214-570 complete filter housing assembly......$100....ouchie


----------



## NCPaint1 (Aug 6, 2009)

Workaholic said:


> You could buy that part # on ebay right now for 5.00 with free shipping.
> 
> Manifold o-ring


I dont know how people do this and make money....my cost on that is $5.49. I wouldnt buy something, sell it for a loss, AND pay for shipping too.....I just dont get it


----------



## Workaholic (Apr 17, 2007)

NCPaint1 said:


> I dont know how people do this and make money....my cost on that is $5.49. I wouldnt buy something, sell it for a loss, AND pay for shipping too.....I just dont get it


Well you could buy them from him and make .49 cents more a sale. :whistling2:


----------



## NCPaint1 (Aug 6, 2009)

Workaholic said:


> Well you could buy them from him and make .49 cents more a sale. :whistling2:


I dont trust too much on ebay.

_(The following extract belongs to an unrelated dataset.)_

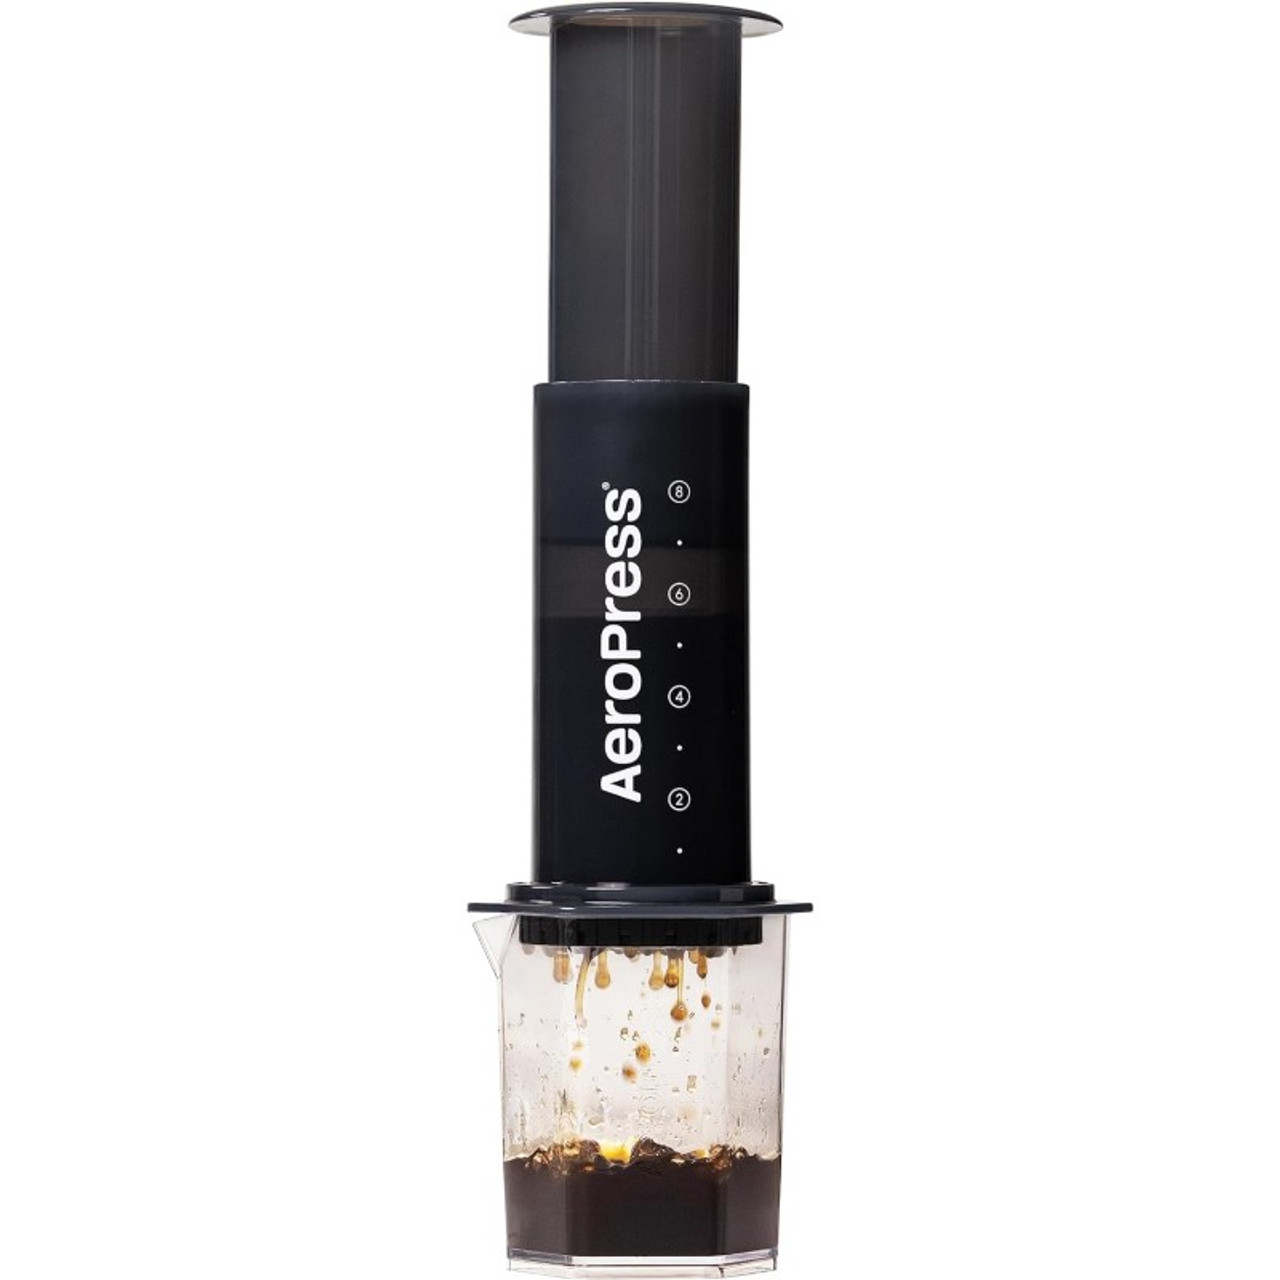 Stovetop Espresso Coffee Maker 9 Cup - Prestogeorge Coffee & Tea

Myself and others I know have been burned before. Theres some good stuff there for sure, but me personally, I'll buy from a store. Besides, when I want something, I want it now....Buy it now doesnt mean get it now lol


----------



## Workaholic (Apr 17, 2007)

NCPaint1 said:


> I dont trust too much on ebay. Myself and others I know have been burned before. Theres some good stuff there for sure, but me personally, I'll buy from a store. Besides, when I want something, I want it now....Buy it now doesnt mean get it now lol


I hear ya, I was just busting your chops.


----------